Le mouvement perpétuel de Lee Boma
Interview

Le mouvement perpétuel de Lee Boma

Si ce n’est pas la première sortie de Lee Boma, l’EP Moleelee a des airs de nouveau départ pour le rappeur genevois qui avant de se présenter musicalement a fait des siennes dans le football, puis dans la danse. Rencontre avec un hyperactif.

Photographies : Bagdad 794

Abcdr : Ton nom de scène Lee Boma vient-il du nom du peuple Boma, au Zaïre dont tu es originaire ?

Lee Boma : Non ça ne vient pas du peuple Boma. « Liboma », en un mot cela signifie la folie, ça veut dire « dingue » en lingala. Mais je suis bien originaire du Zaïre, et je suis né à en Suisse à Fribourg, en 1988.

A : Dans un premier temps de ta vie, tu as surtout évolué dans le football n’est-ce pas ?

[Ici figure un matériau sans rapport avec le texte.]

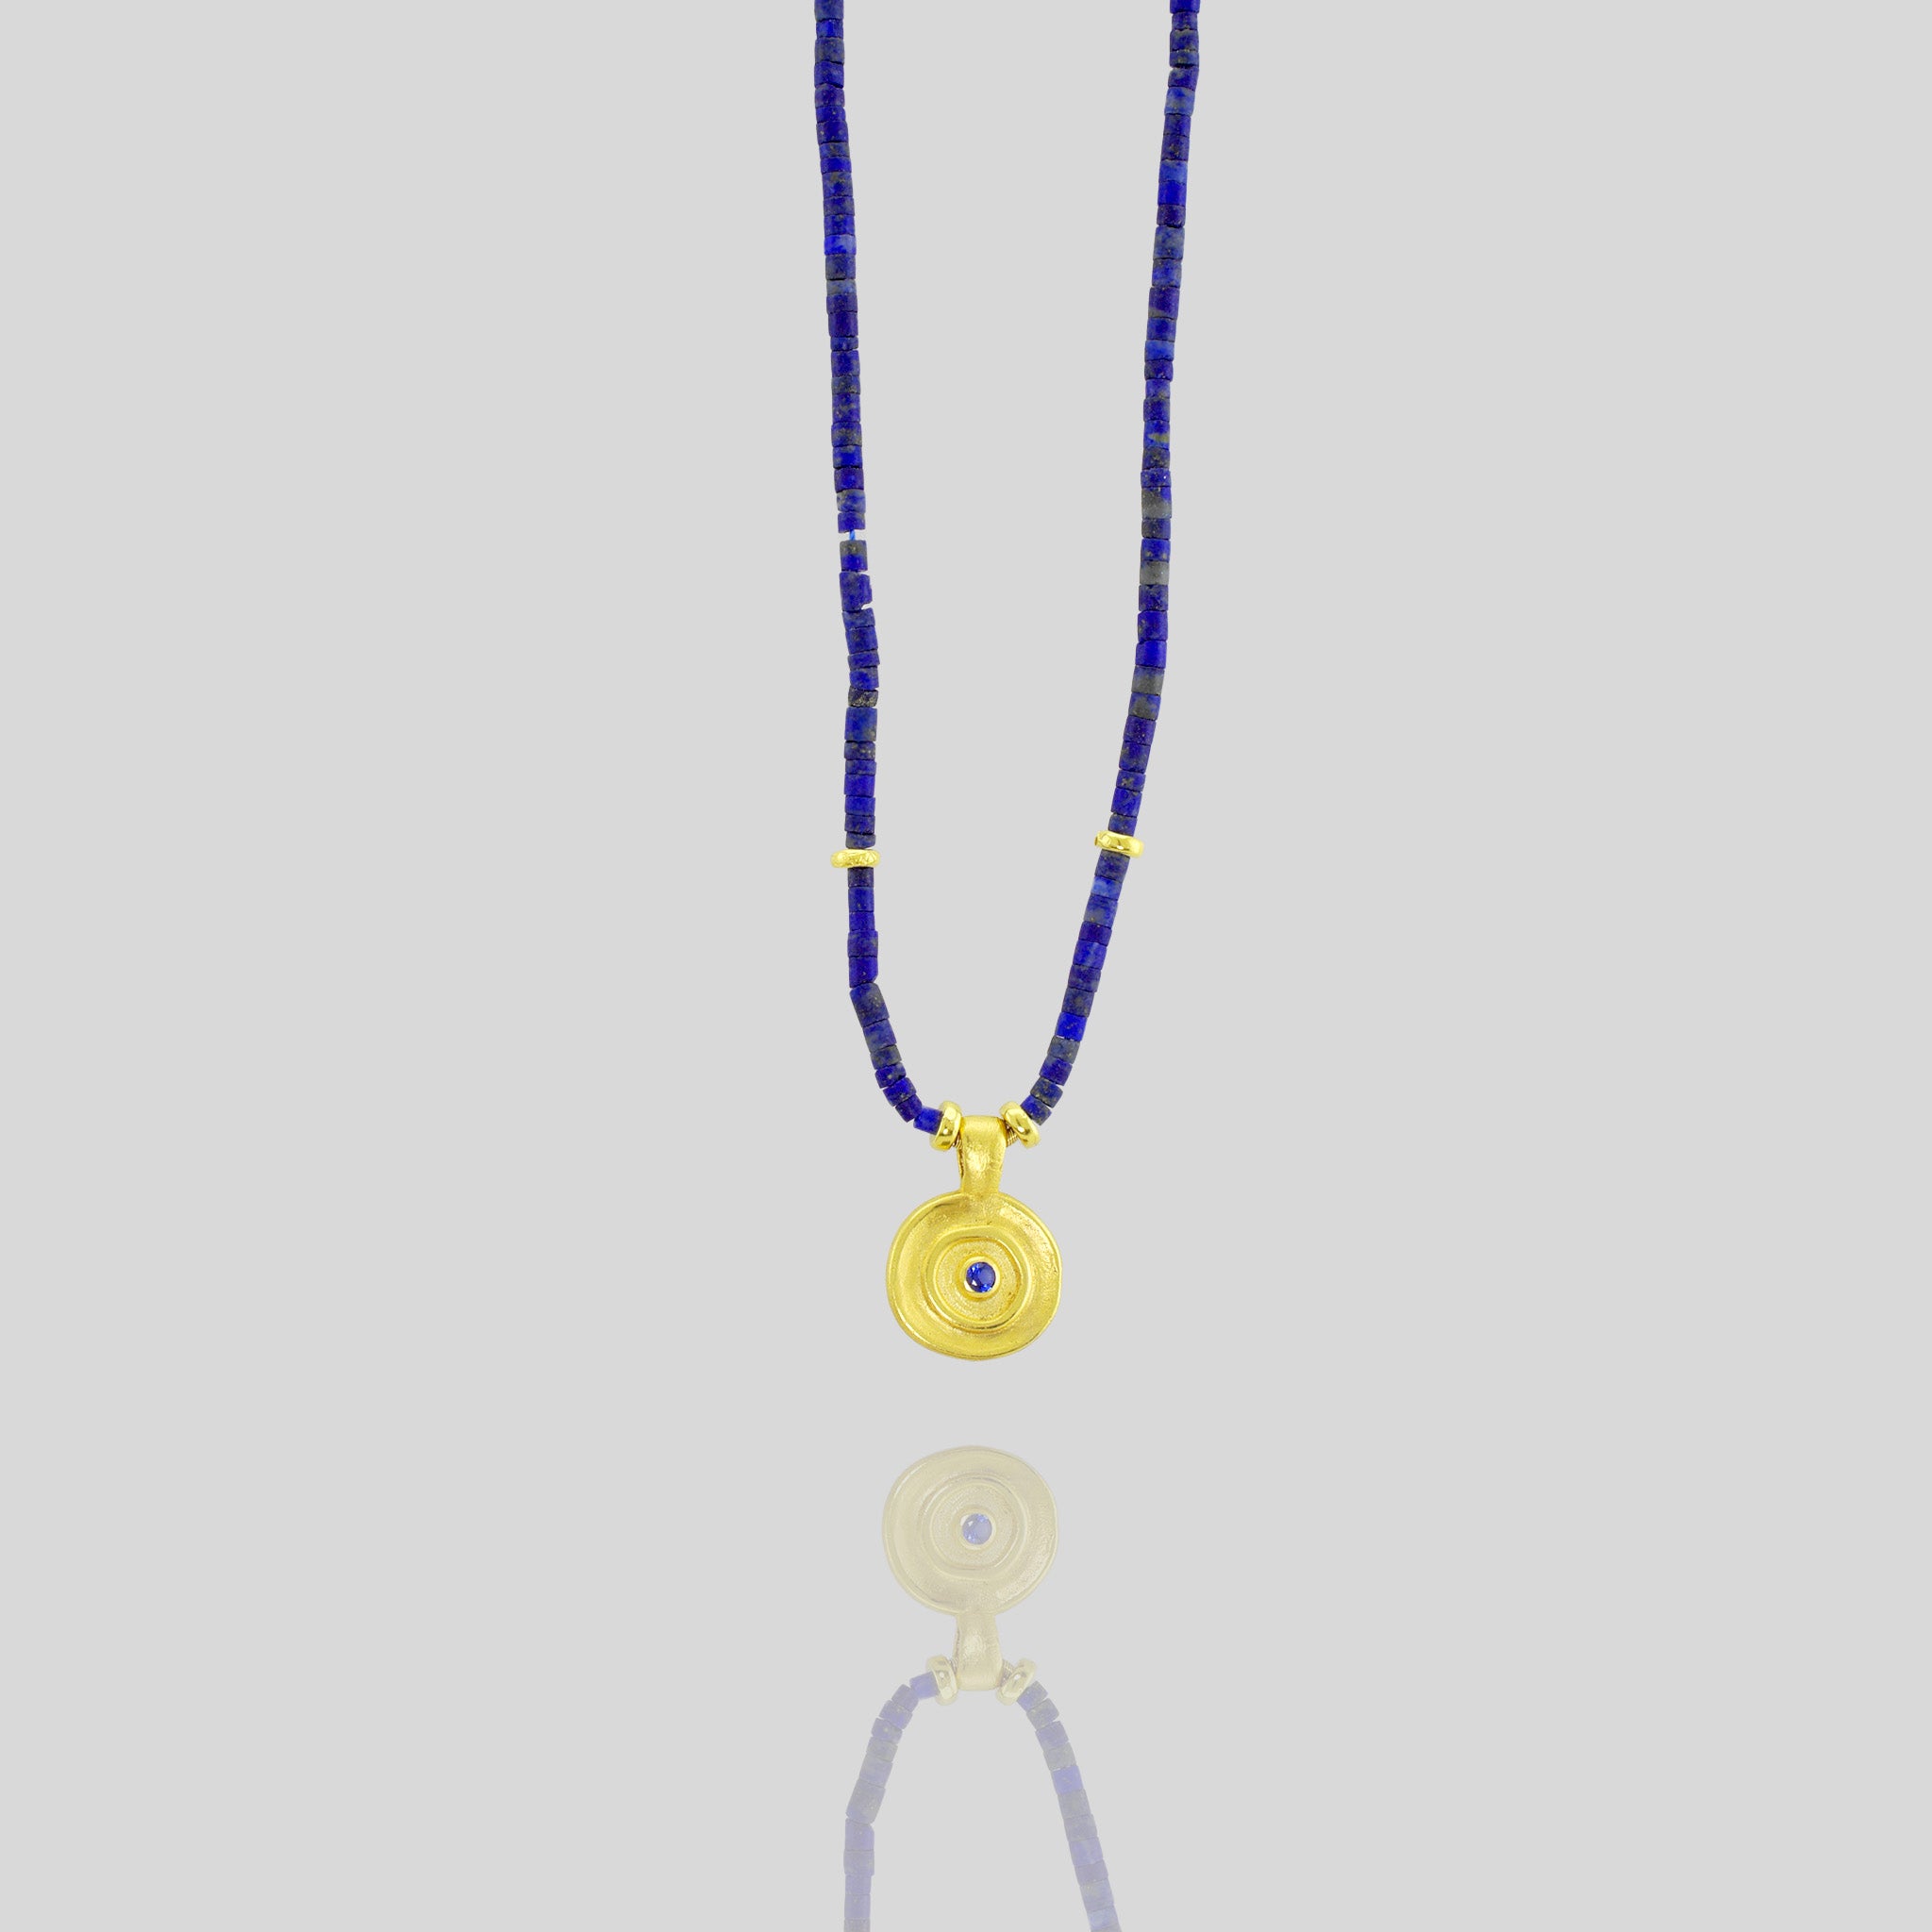 Pharaohs II - Lapis lazuli beads with ancient gold element necklace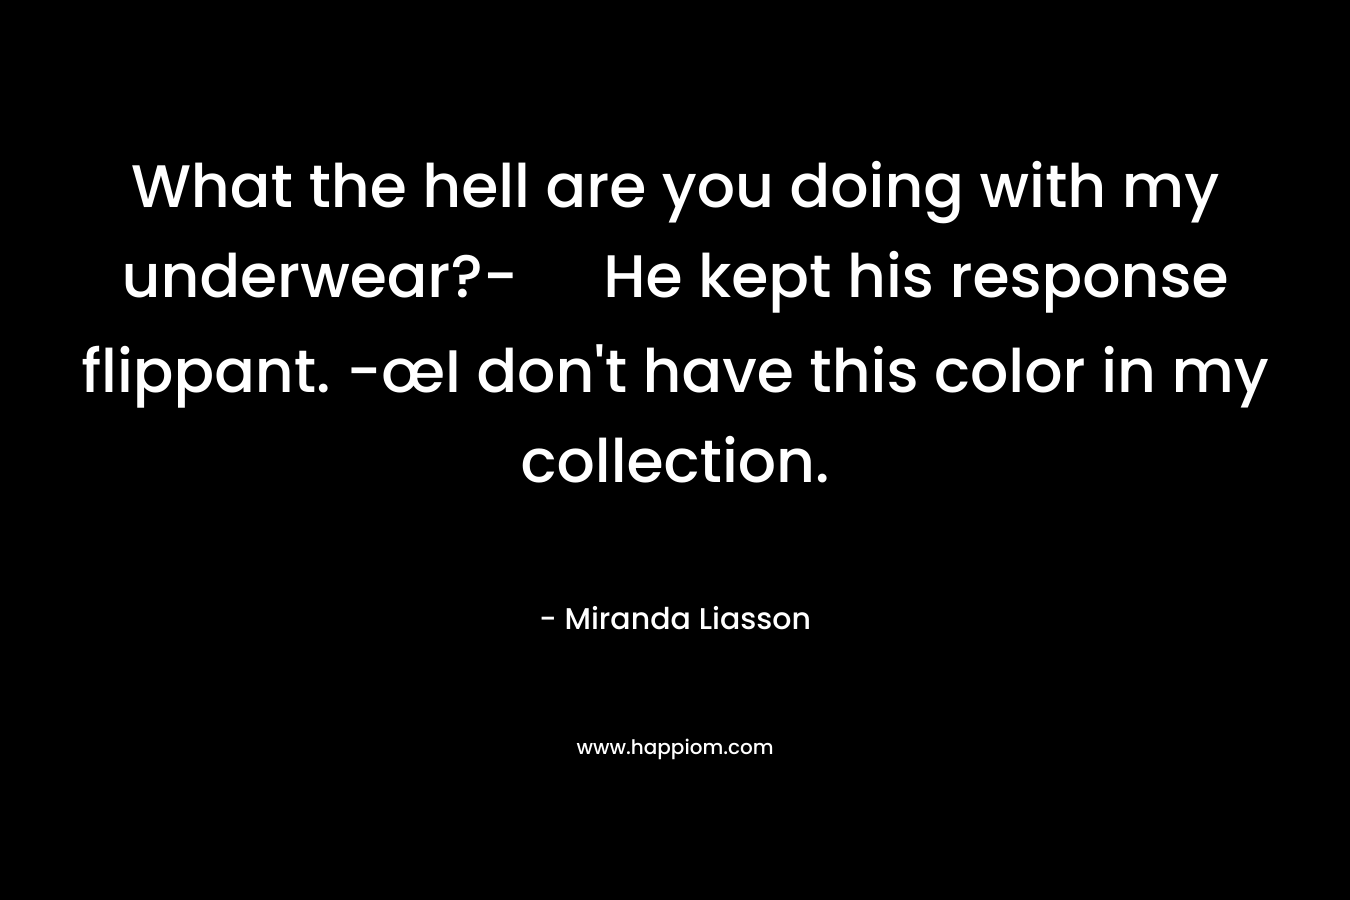 What the hell are you doing with my underwear?- He kept his response flippant. -œI don’t have this color in my collection. – Miranda Liasson

L : Oui, j’ai commencé super tôt. Vers quatre ans je faisais déjà du foot, avant d’arrêter quelques années dans mon enfance. À l’âge de sept ou huit ans j’ai repris et j’avais vraiment un bon niveau, j’évoluais dans des bonnes équipes à Fribourg, ma première ville. En 2001, j’ai déménagé à Genève et j’ai directement été transféré au Servette FC, à un très bon niveau junior. De mes treize ans à mes vingt ans, je jouais à un niveau d’élite, toujours au Servette FC malgré beaucoup de tests à l’étranger : Bastia, Ajaccio, Auxerre…

A : Durant cette époque où tu es très investi dans le football, trouves-tu le temps de t’intéresser à la musique, d’en faire ? 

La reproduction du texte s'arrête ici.